Ренат пожал плечами. Разговор тяготил его, это было заметно.
– Ты извини, мне бежать надо, – выпалил он.
– Куда? Ты тоже тут? В другом зале? А мы думали, что первые пришли.
– Я тут, но… – Ренат осекся. – Леш, я реально опаздываю.
– Ты далеко не убегай, лады? Если что, я вон там, а еще Китти, Сэд, ну ты помнишь их, да? – Он указал направление. – Остальных не знаешь, но ребята улетные, познакомлю.
Ренат вымученно улыбнулся и закивал.
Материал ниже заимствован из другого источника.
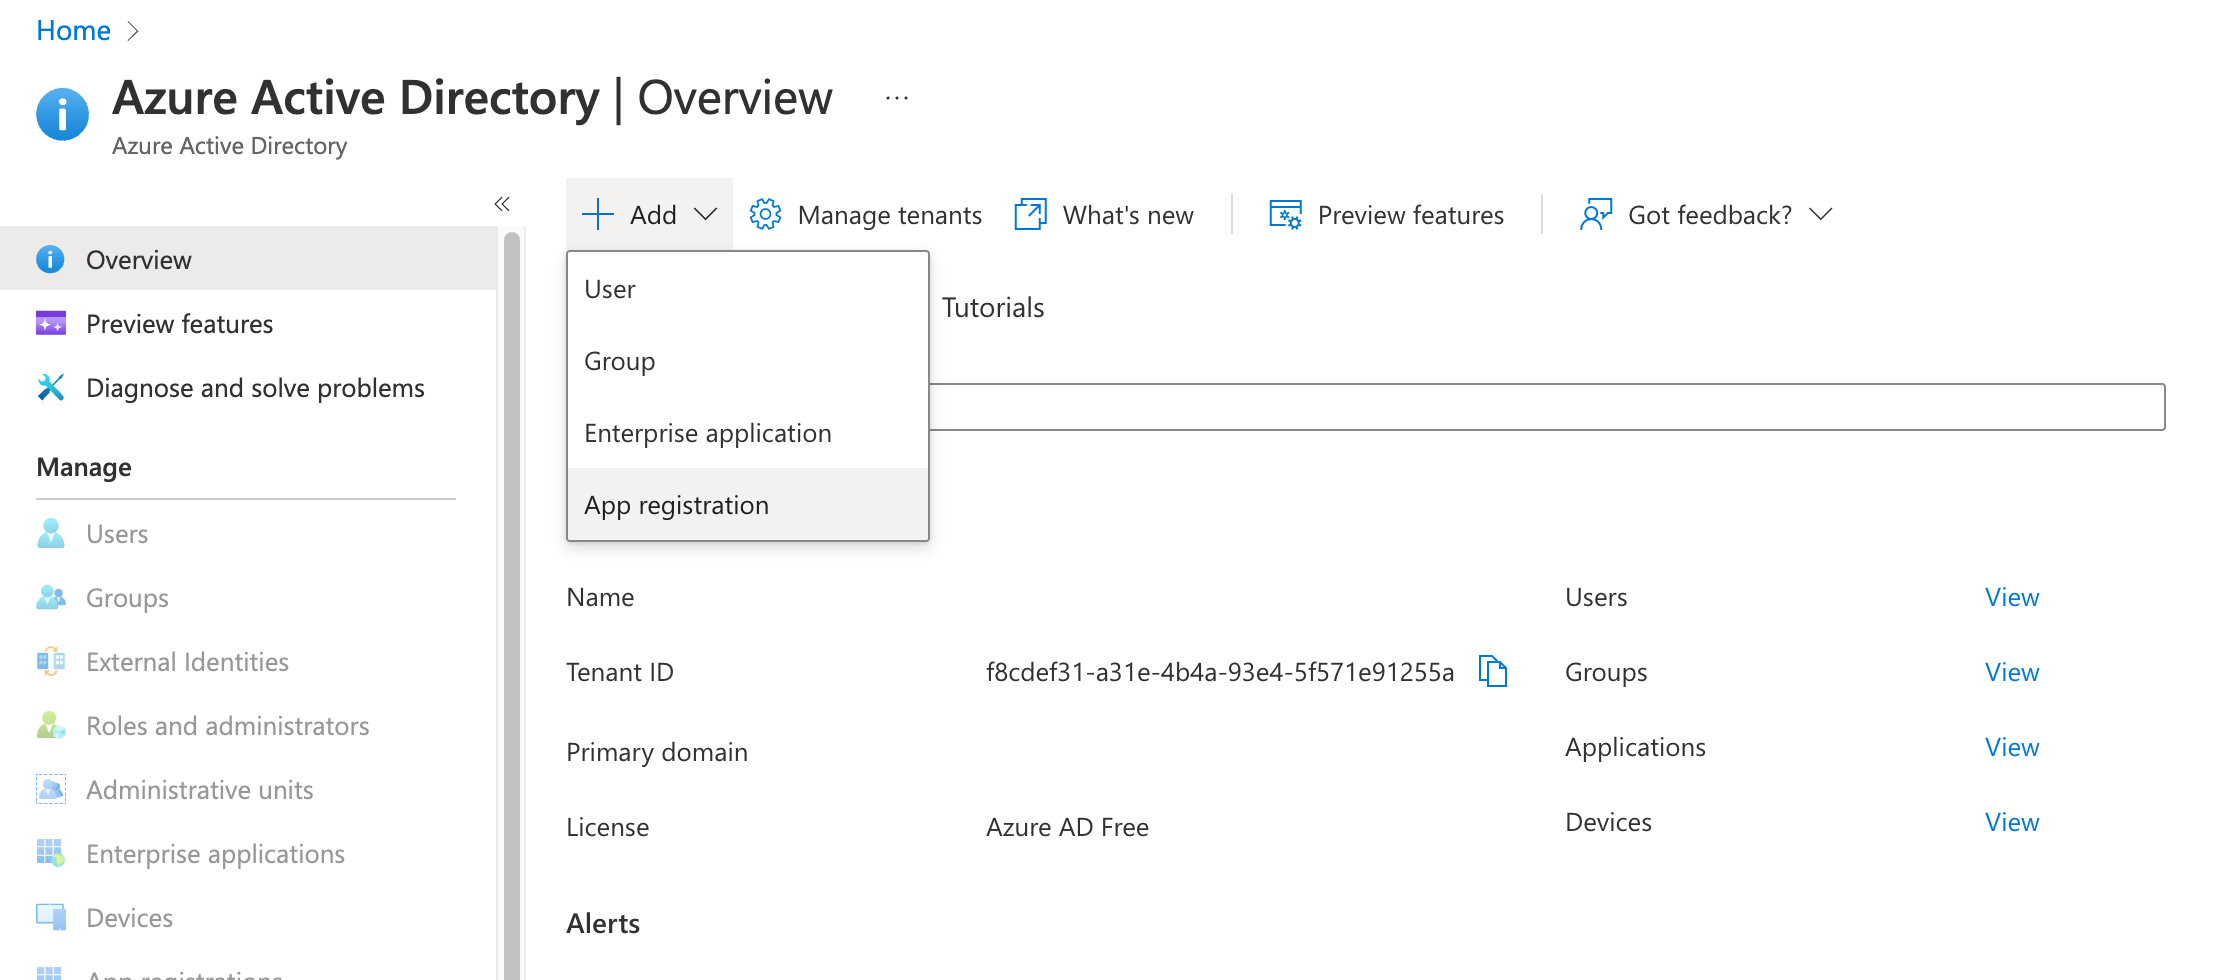 Where to Create an App Integration in Azure
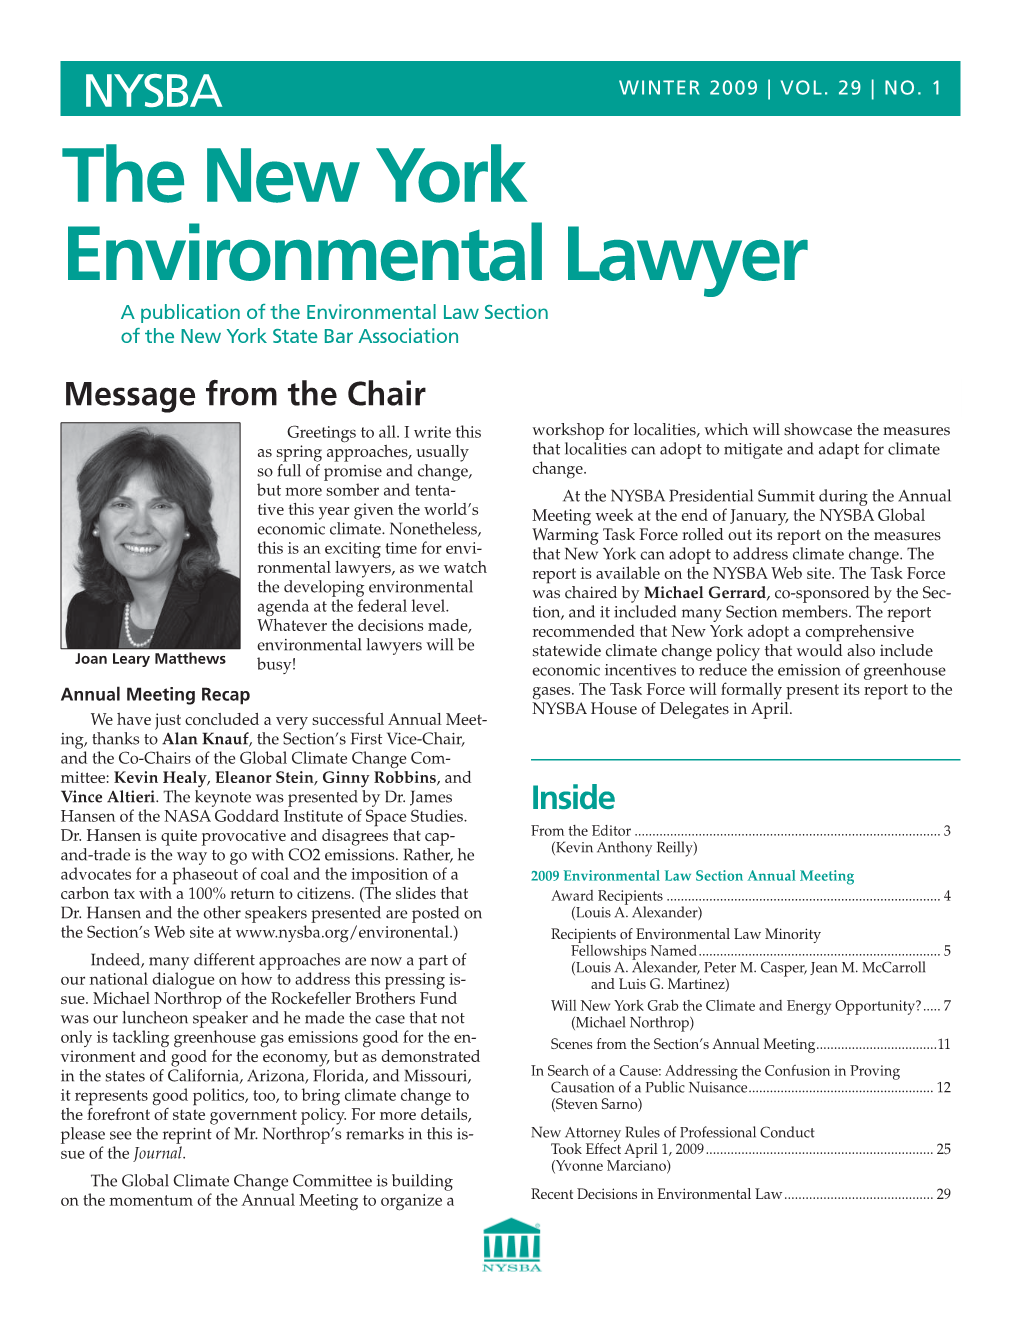 The New York Environmental Lawyer a Publication of the Environmental Law Section of the New York State Bar Association Message from the Chair Greetings to All

Было ясно, он торопится. Спешит на зов босса. Но и встреча, что состоялась минуту назад, не то чтобы расстроила, но явно не принесла парню радости. Он хотел бы ее избежать. А коль такого не случилось, закончить в максимально короткий срок.
– Мы сейчас кальянчик замутим, еще по кругу коктейльчиков. Подгребай.
– Хорошо, – Ренат бросил это, чтоб от него отстали.
– Нет, ты обещай.
– Леш, я очень постараюсь. Прямо-таки из кожи вон вылезу. – И буквально вырвал свой локоть из пальцев своего старого приятеля – тот продолжал удерживать его. – А сейчас мне нужно мчаться. Ребятам привет!
Проводив Рената взглядом, Алексей скорчил недоуменную гримасу. Затем скрылся в туалете. А когда вернулся в зал и занял свое место, поманил сидящую напротив девушку. Та перегнулась через столик, на котором вместо пустых стаканов стояли полные. Поскольку на тот момент никто не пел, то Михась, обладающий отменным слухом (не только музыкальным), слышал разговор:
– Знаешь, кого я сейчас видел? – обратился к барышне, судя по всему, Китти, Алексей. – Рената!
– Да ты что? – встрепенулась та и начала озираться. – Где он?
– Унесся куда-то.
– Что ж ты его не позвал к нам? – возмутилась девушка и надула свои и без того полные губы. На маленьком скуластом личике они смотрелись как два вареника, облитых вишневым вареньем.
– Я звал, но он куда-то торопился. Сказал, постарается присоединиться к нам позднее.